*** Block opens ***

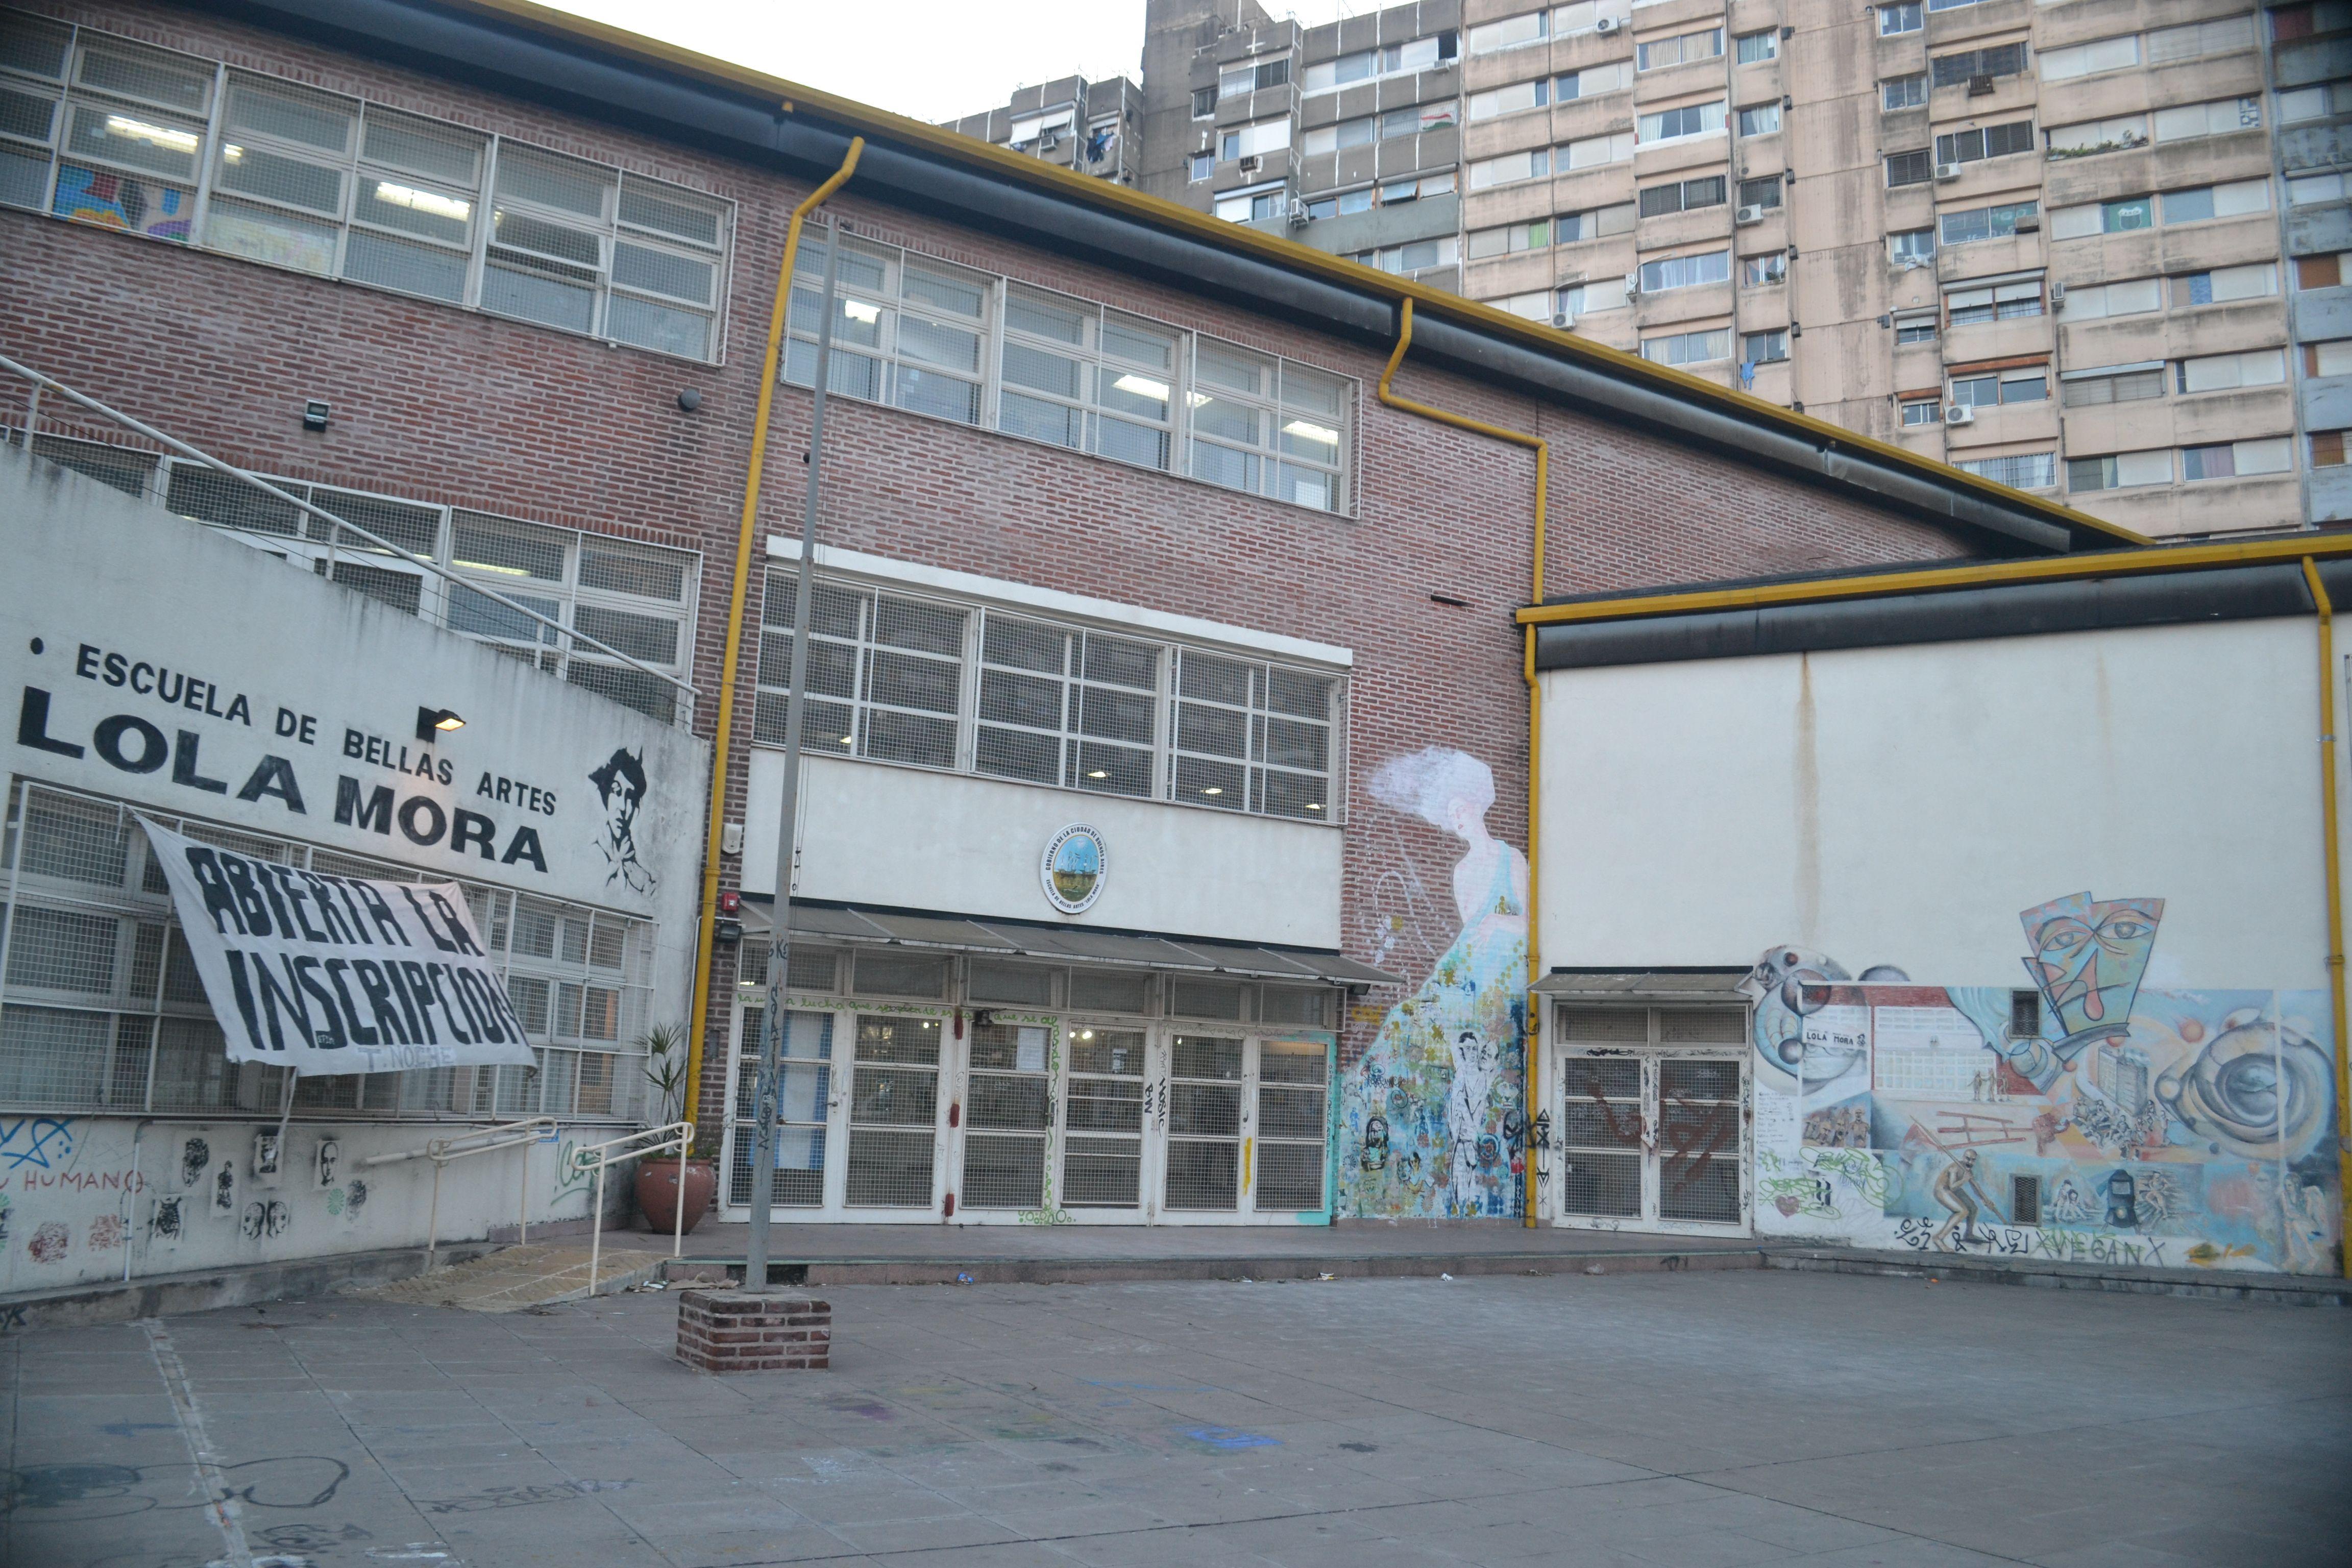 Escuela de Bellas Artes Lola Mora http://infololamora.blogspot.com.ar/
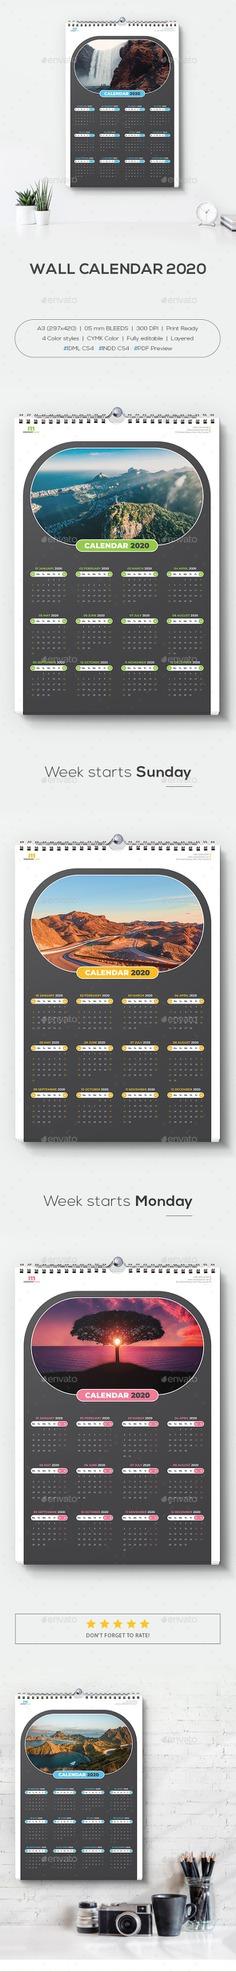 Wall Calendar 2020 - Calendars Stationery Desk Calendar 2020 👇👇More Info /Download : https://graphicriver.net/item/wall-calendar-2020/25008922 #graphicriver #deskcalendar #calendar2020 #calendar #print #stationary #freepik #fiverr #upwork #mstartwork #Behance #Freelance #creative #art #design #envato
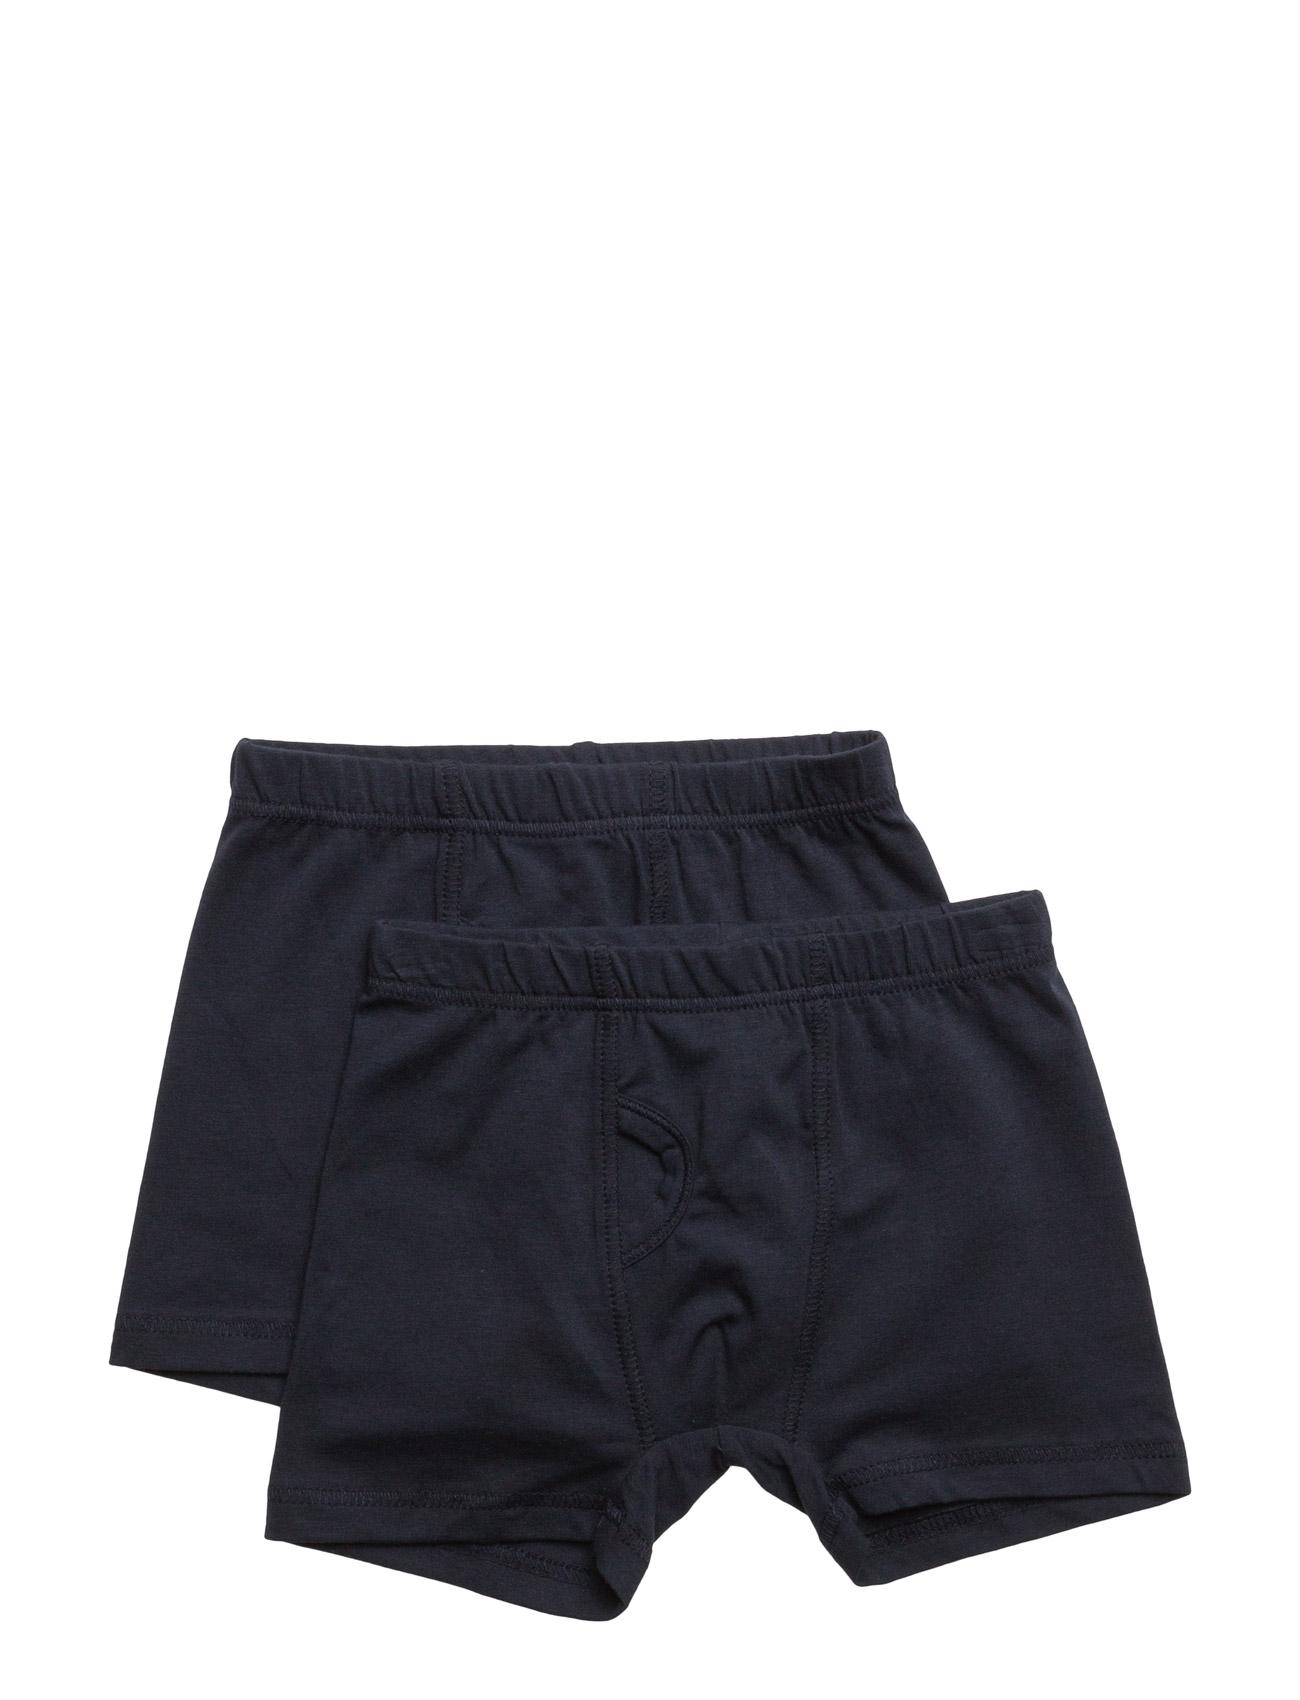 Cozy Me Underpants Boy Müsli by Green Cotton Undertøj til Børn i Navy blå

*** Block closes ***

About this exercise: Each line from the one with "Wall Calendar 2020" to the end of the material needs to be output word for word, with no picture included.

Solution:
 Wall Calendar 2020 - Calendars Stationery Desk Calendar 2020 👇👇More Info /Download : https://graphicriver.net/item/wall-calendar-2020/25008922 #graphicriver #deskcalendar #calendar2020 #calendar #print #stationary #freepik #fiverr #upwork #mstartwork #Behance #Freelance #creative #art #design #envato
 Cozy Me Underpants Boy Müsli by Green Cotton Undertøj til Børn i Navy blå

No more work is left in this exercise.